Although this Court has previously held that the law of defamation and
the law of professional conduct do not overlap, In re Terry, 271 Ind. 499,
502, 394 N.E.2d 94, 95-96 (1979), the United States Supreme Court has since
made it clear that “disciplinary rules governing the legal profession
cannot punish activity protected by the First Amendment.” Gentile v. State
Bar of Nev., 501 U.S. 1030, 1054 (1991). It seems clear to me, then, that
Justice Sullivan was correct when he noted in In re Atanga, 636 N.E.2d
1253, 1259 n.1 (1994) (Sullivan J., dissenting), that the “actual malice”
test of N.Y. Times v. Sullivan, 376 U.S. 254 (1964), applies to
determinations that an ethics violation has occurred by expressing
criticism of a legal opinion. That test is a subjective one, and for a
violation to have occurred the respondent “in fact [had to have]
entertained serious doubts as to the truth of [the] publication.” Harte-
Hanks Communications, Inc. v. Connaughton, 491 U.S. 657, 688 (1989).
As the Court points out, the respondent set forth the reasons why he
believed his criticism of the Court of Appeals was valid. He contends the
court’s opinion was “factually and legally inaccurate,” misstated the
record, misapplied case law and did not discuss other relevant cases. He
contends that to this day he “believes in the substance of the language
contained in the footnote.” Although I do not agree with his conclusions,
I can find no basis to find that the respondent entertained serious doubts
as to the accuracy of his claims. Therefore, I do not agree the
respondent’s conduct is punishable under Rule 8.2.
Finally, I think we should be very cautious in imposing discipline for
lawyers’ acts that question the actions or processes of the courts but do
not affect client interests.

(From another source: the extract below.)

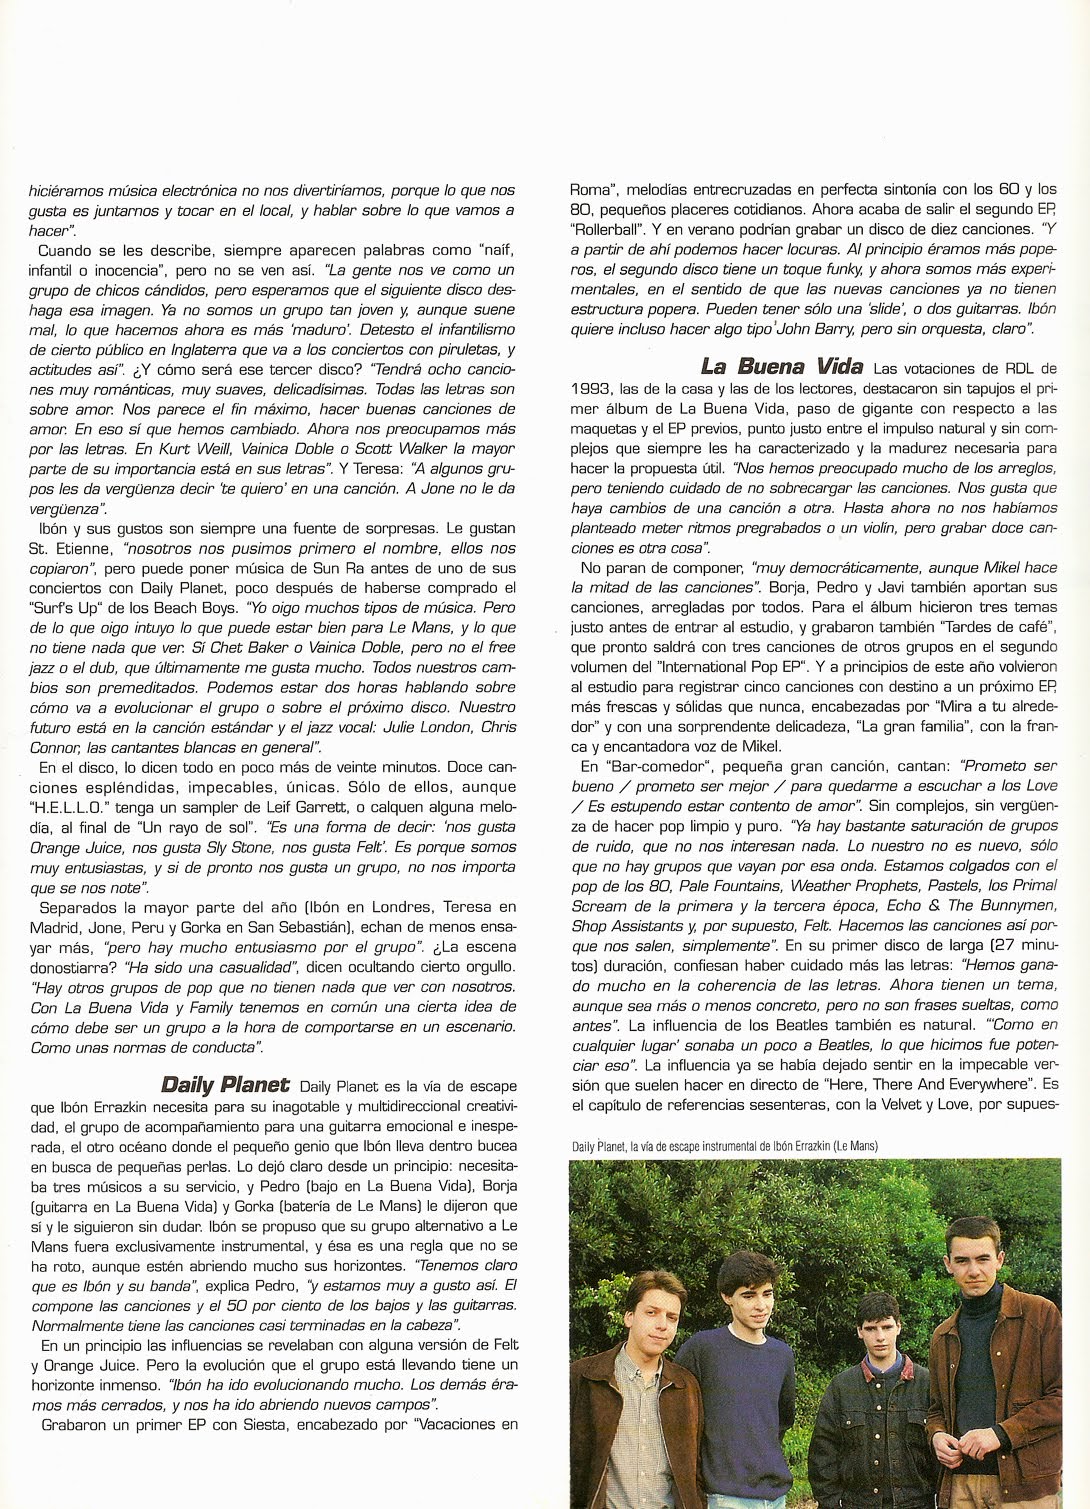 Donosti Sound - Family, La Buena Vida, Le Mans, Aventuras de Kirlian Informe-donosti-sound-rockdelux-108-mayo-1994-2

This Court acts as judge, jury, and appellate
reviewer in a disciplinary proceeding. The prosecutor, the Disciplinary
Commission, relies on this Court for funding and direction. Where the
offense consists of criticism of the judiciary, we become the victim as
well. This mixed role is thrust upon us by the State Constitution. I
accept it, but believe that it demands the utmost restraint in imposing
discipline for expression of criticism of the courts. I would require a
finding that a lawyer had at least substantial doubt as to the accuracy of
a misstated material fact before sanctioning the lawyer for comments on
judicial acts or processes. That standard is not met here.
-----------------------
[1] That rule was the precursor to the current App.R. 57.
[2] Rule Indiana Professional Conduct Rule 8.2(a) states, in relevant part:
A lawyer shall not make a statement that the lawyer knows to be false or
with reckless disregard as to the truth or falsity concerning the
qualifications or integrity of a judge, adjudicatory officer or public
legal officer, or of a candidate for election or appointment to judicial or
legal office.
[3] That Comment provides, in relevant part:
Assessments by lawyers are relied on in evaluating the professional or
personal fitness of persons being considered for election or appointment to
judicial office and to public legal offices, such as attorney general,
prosecuting attorney and public defender. Expressing honest and candid
opinions on such matters contributes to improving the administration of
justice. Conversely, false statements by a lawyer can unfairly undermine
public confidence in the administration of justice.